L’ambassade américaine partage sur ses réseaux sociaux : « Entrer dans les Arènes d’Oran le mois dernier, c’était pénétrer dans un chapitre partagé de l’histoire algéro-américaine ».
Le lieu a accueilli les « Nuits Bleues » dans les années 1950, lorsqu’il avait été transformé en patinoire et « avait reçu des groupes américains de Doo-wop ».
Ces soirées attiraient alors un public curieux de découvrir l’ambiance méconnue importée d’outre-Atlantique.
« Un petit morceau de culture américano-algérienne »
Pour l’ambassade, « voir cet espace historique continuer de rassembler les gens aujourd’hui rappelle depuis combien de temps existent les liens culturels entre l’Algérie et les États-Unis, et à quel point il est encore possible de construire sur cette histoire ».
De son côté, l’ambassadrice Elizabeth Aubin a mis l’accent sur le caractère unique de ce site.
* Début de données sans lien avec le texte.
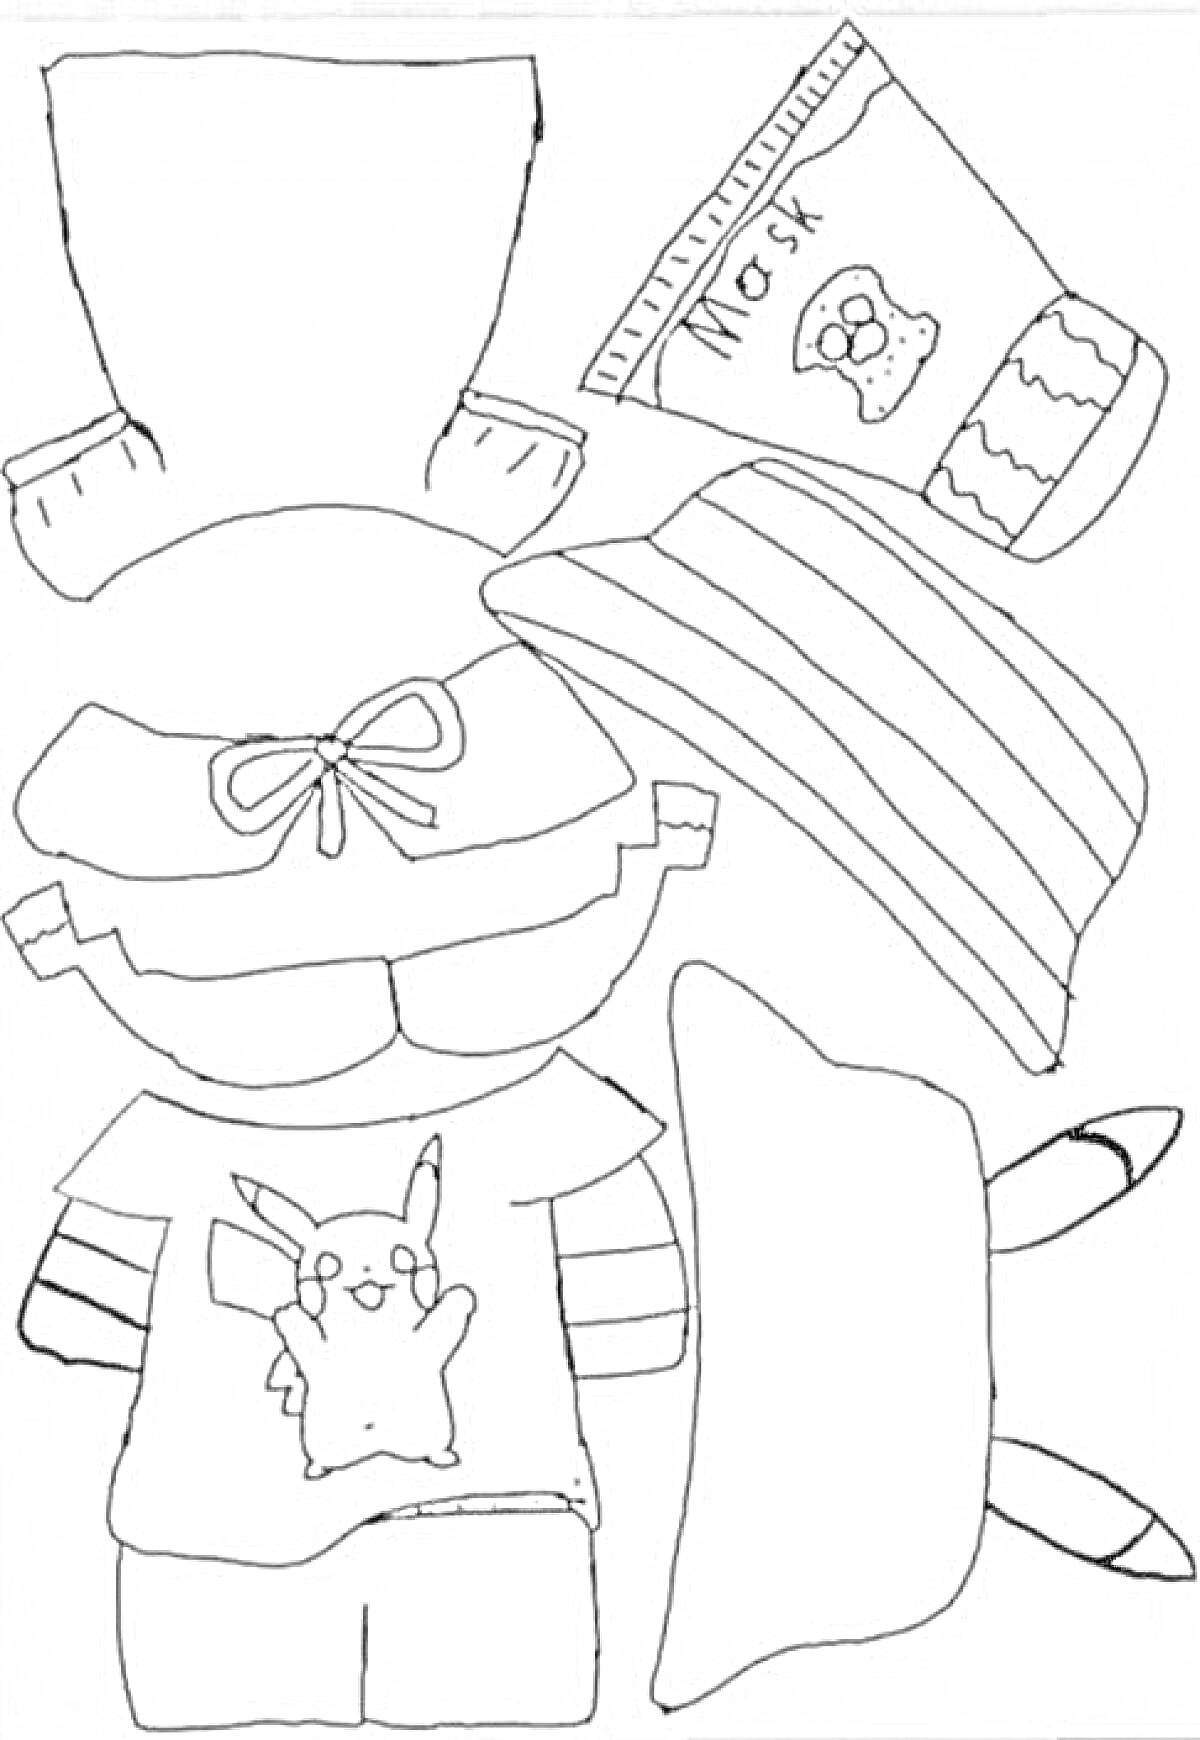 Раскраска Лалафанфан с одеждой (включает футболку с рисунком покемона, шортики, шапочку с бантом, маску, полосатый шарф, и шляпу с ушками)

Elle déclare dans la vidéo : « C’est vraiment formidable d’être à Oran, et je me trouve aux Arènes d’Oran. Cet endroit possède une histoire incroyable, non seulement pour la culture algérienne mais aussi pour la culture américaine ».
Elle a aussi exprimé sa joie de « retrouver ici, à Oran, un petit morceau de culture américano-algérienne ».